◆ **TASK TO CARRY OUT**
When you reach the line below that has "Labrador retriever at daytime", start returning lines exactly, and stop after the line that has "Horarios de películas"; skip the pictures.

(INFORMATION PROVIDED begins)

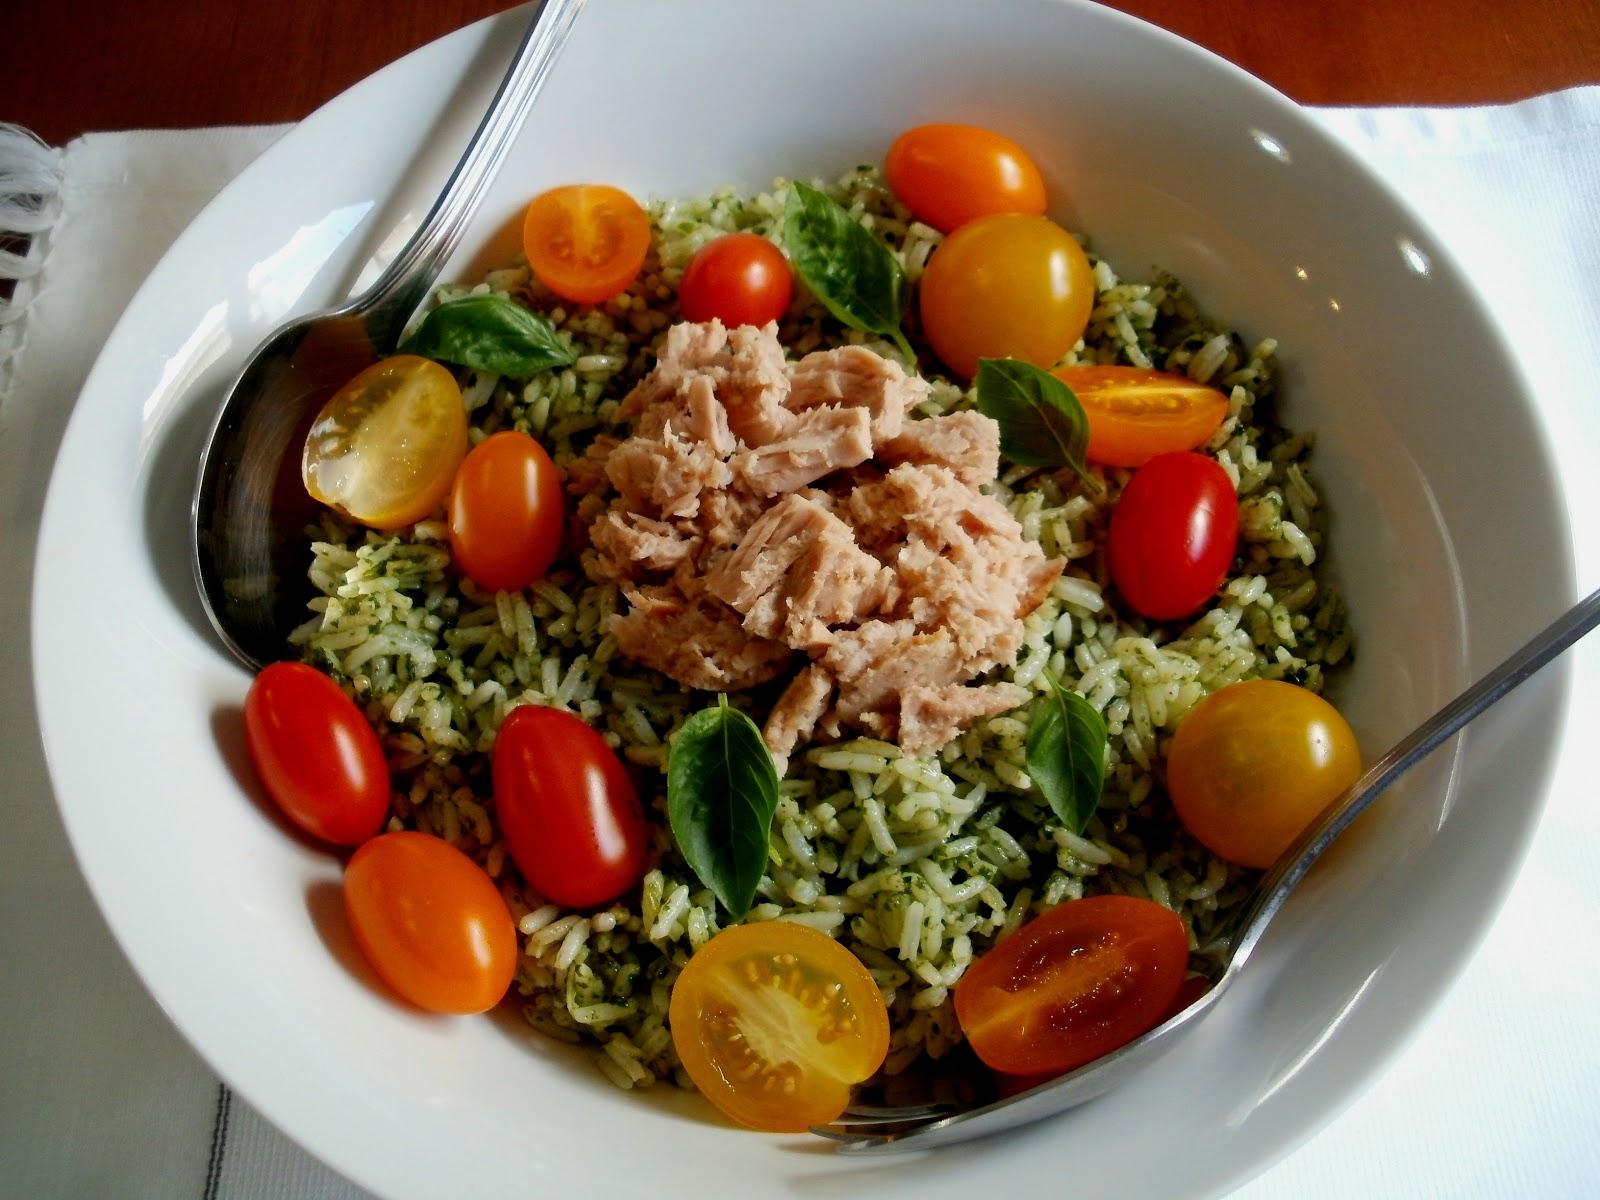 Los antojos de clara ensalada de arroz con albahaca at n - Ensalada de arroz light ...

(INFORMATION PROVIDED ends)
(INFORMATION PROVIDED begins)

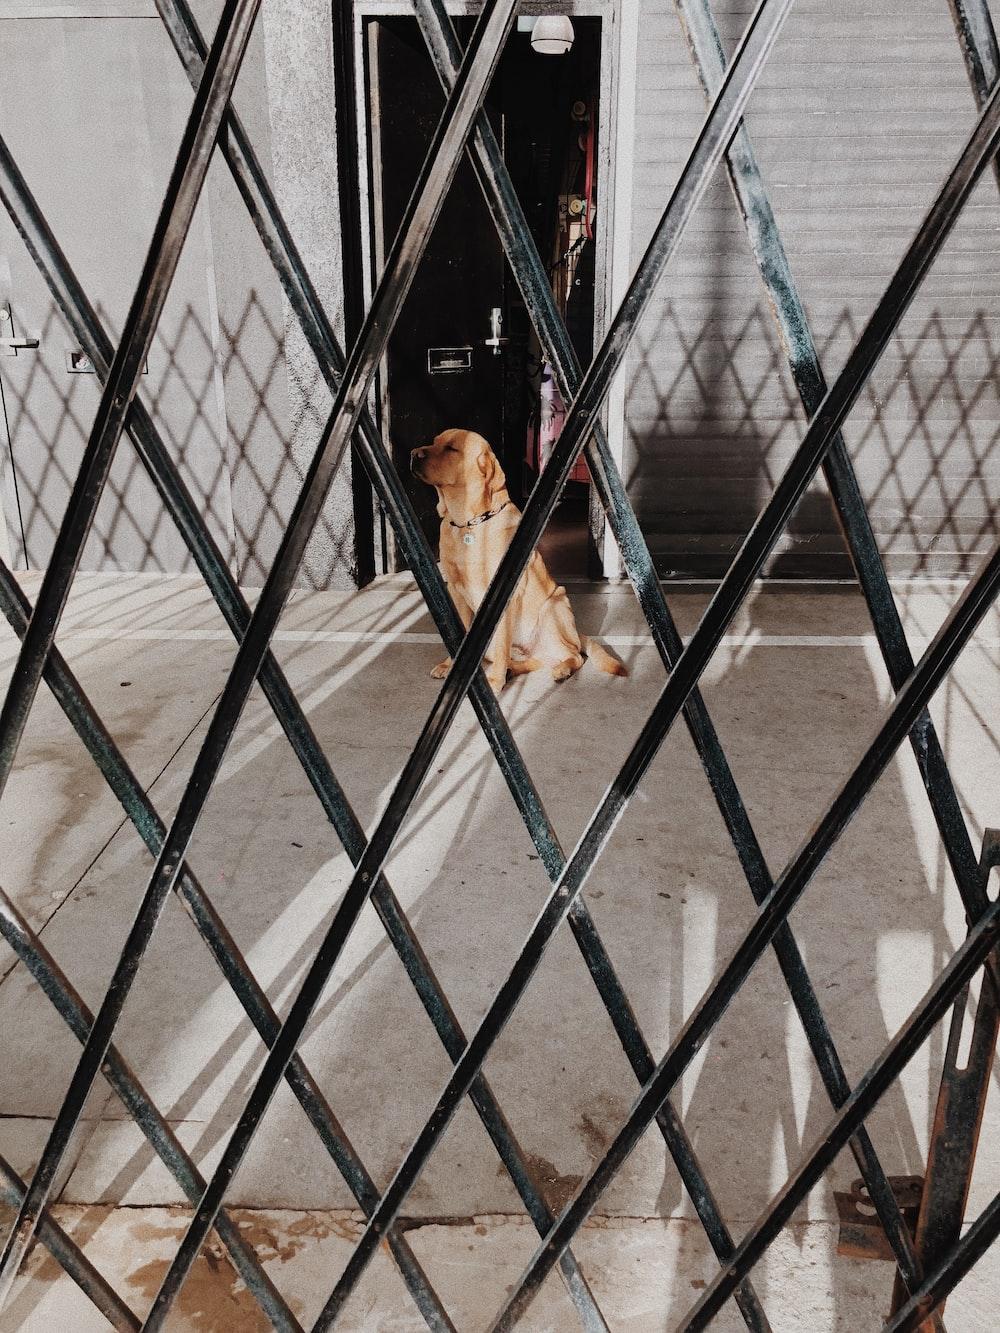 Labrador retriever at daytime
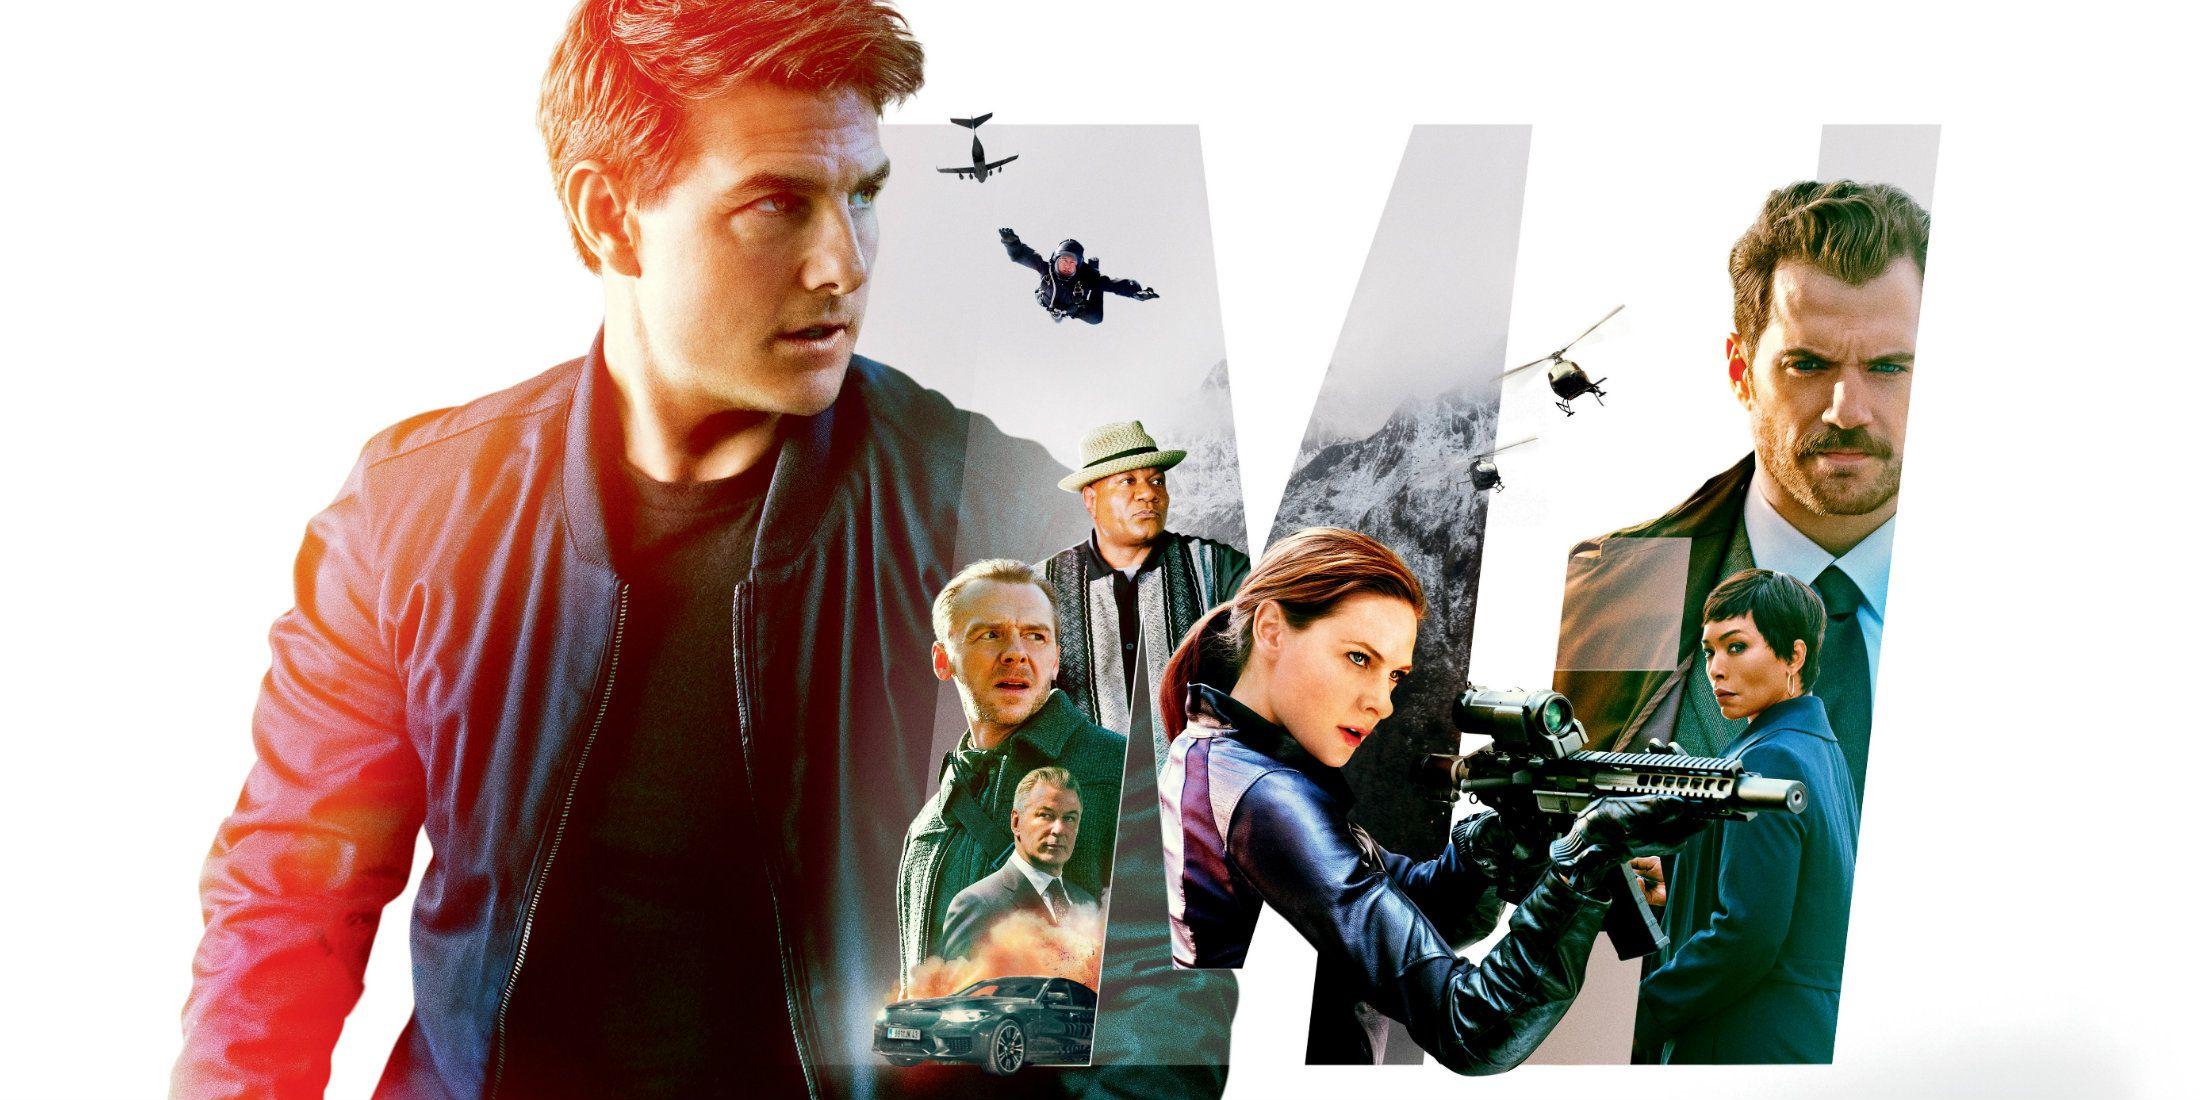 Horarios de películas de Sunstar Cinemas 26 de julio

(INFORMATION PROVIDED ends)

◆ **TASK SOLUTION**
 Labrador retriever at daytime
 Horarios de películas de Sunstar Cinemas 26 de julio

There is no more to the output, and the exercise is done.